Using your calculation a level 1 enemy will have 25 hit points. But if a level 1 player is doing 0-1 damage per hit, that still takes 25 whacks to defeat the enemy, which might become tedious if all you are doing is waiting while your character auto-attacks the poor baddie once per second.

Pokemon relies heavily on damage types, resistances, and weaknesses. Many battles in those games are excruciatingly hard with one pokemon...but as soon as you switch to another pokemon you are getting one-hit KOs. I kinda like the way they set that up, because the battles involve a lot of strategy (and not just about which kind of attack, but what status effects you might want to use).
In response to Magicsofa
You're right that the main point is the effect of the values. How many hits something takes to die. However I would have to say the actual number values play a bigger part than we might realize.

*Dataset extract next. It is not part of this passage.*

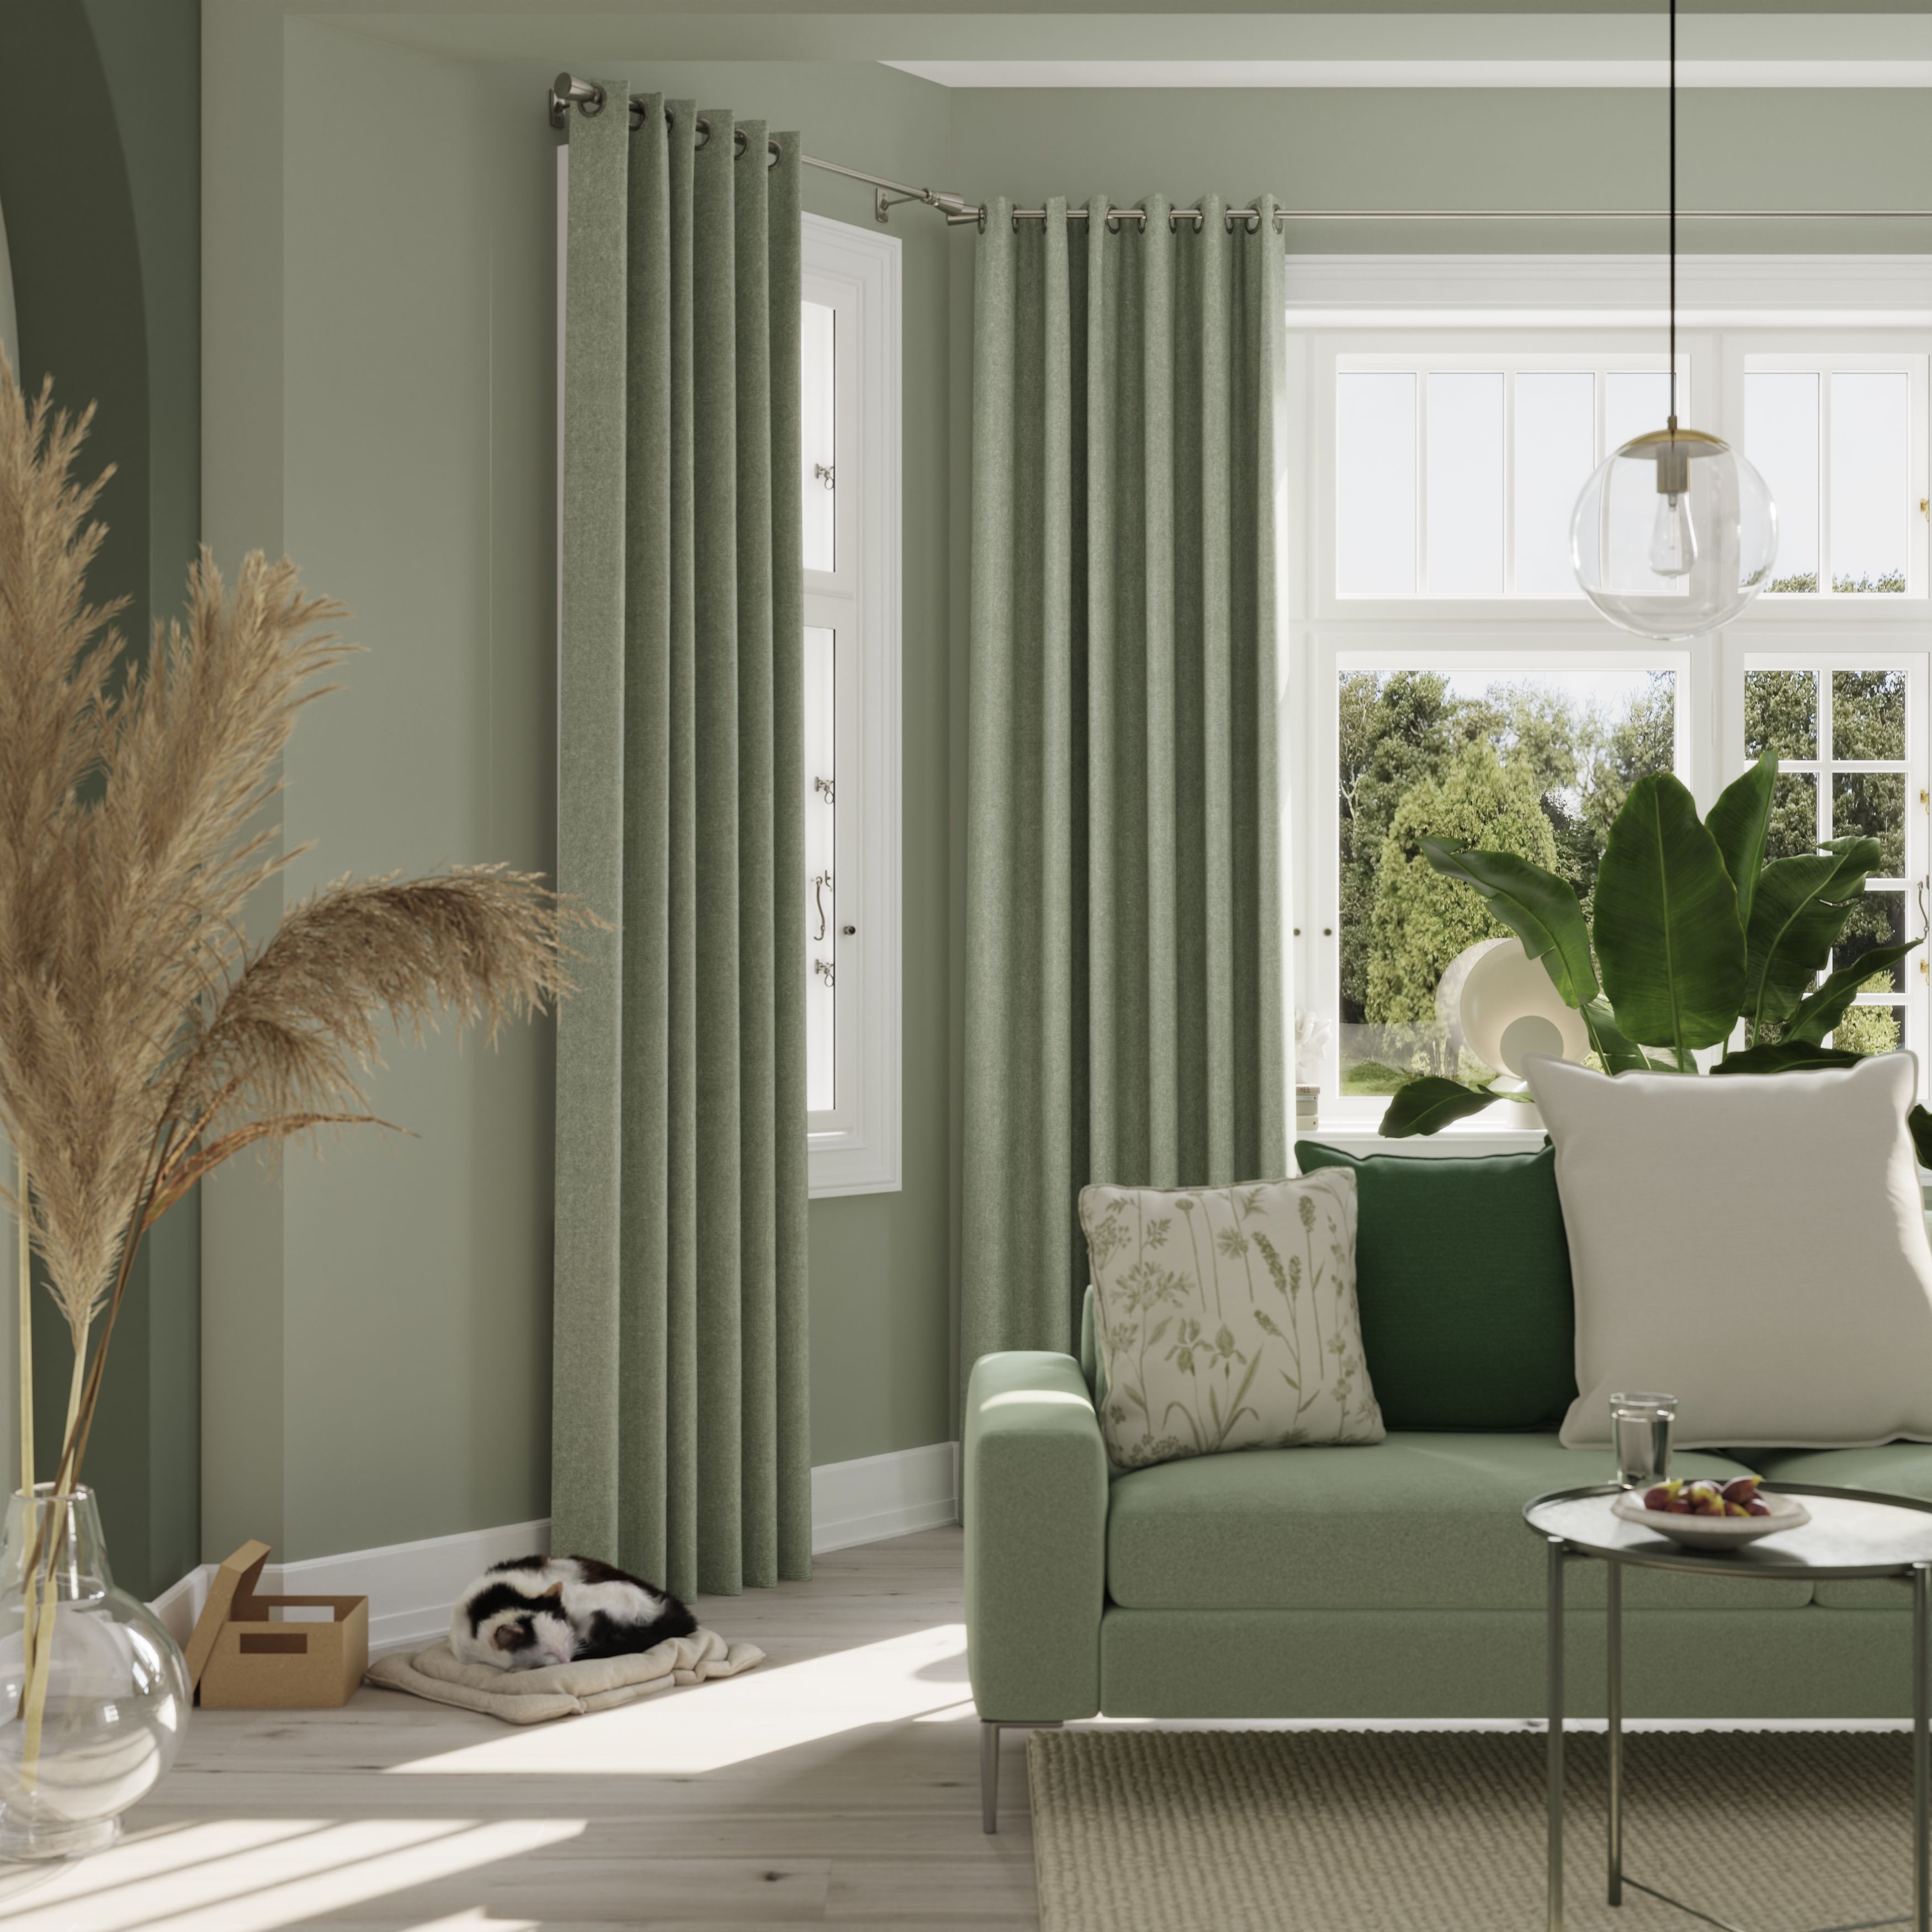 Napour Light green Plain Lined Eyelet Curtain (W)167cm (L)183cm, Pair

A good example of this can be found in Runescape. Health in this game is handled by a player's constitution skill level. This skill level can be raised from 1 to 99. Back in the day the lowest amount an enemy could damage you for was 1.

It makes sense right? 0.4 damage is an icky number. People don't like decimals. We like whole numbers. However the developers of Runescape made an interesting change. What the developers wanted to do was to have a way of handling more values of damage without adding in decimals.

Their solution was simple. Health and Constitution were made separate. Now instead of having 40 Cons and so 40 Health. You now have 40 Cons and 400 health.

This also means that if before the change your maximum damage was 20, when you came back after the update your maximum damage was 200. Do remember though now that everything was increased by 10 times, including the health of everything else.

So.. To conclude this. I think players like variety ,predictability and correct scale in their statistics.

P.S
X/1000 might work well for Runescape but if you're someone making a game about star destroyers then talking about damage in terms of X/100,000 might better fit your environment.
In response to Red Hall Dev
0.4 damage is an icky number. People don't like decimals. We like whole numbers.

Here we go again, that's your opinion. I love decimals and there are a few games that use them for raising skills and the such.
In response to A.T.H.K
That's a bit aggressive? You have misunderstood what I said anyway. When I talked about decimals I was talking about them in the context of Runescape. In which case it's fact that axes doing 0.4 damage is not nice because it makes math related to combat harder.

Also this is backed up by the fact that I didn't make the decision for Runescape to change. The lead developers at Jagex did. Jagex being one of the most successful MMORPG developers of all time.

I'm sorry but saying I'm wrong is saying they are wrong. I disagree with Jagex sometimes but this idea was unquestionably the right thing to do.

I also just need to say that I said "correct scale in their statistics".

If correct scale in your current game is decimals then use them. But if your axe does 0.345 damage over 0.4 seconds while the sword does 0.642 over 0.242 seconds then you can see quite obviously decimals can become icky and tricky. Not greatly more all the time. There are ways of using decimals which are quite simple and like I said if you want to use that because it fits then go ahead but don't tell me people are annoyed at your game when you're using decimals and shouldn't be.
I think decimals would be particularly annoying in on-map damage numbers. Unless you put .00 after whole numbers, something like 12.34 looks very similar to 1234.

For stats it can be okay, as long as it's not too hard to understand what the number actually means. Internal numbers are a different story... for mathematical reasons it is often convenient to use values between 0 and 1.
I would find it strange that a game with whole number health would have decimals in their damage.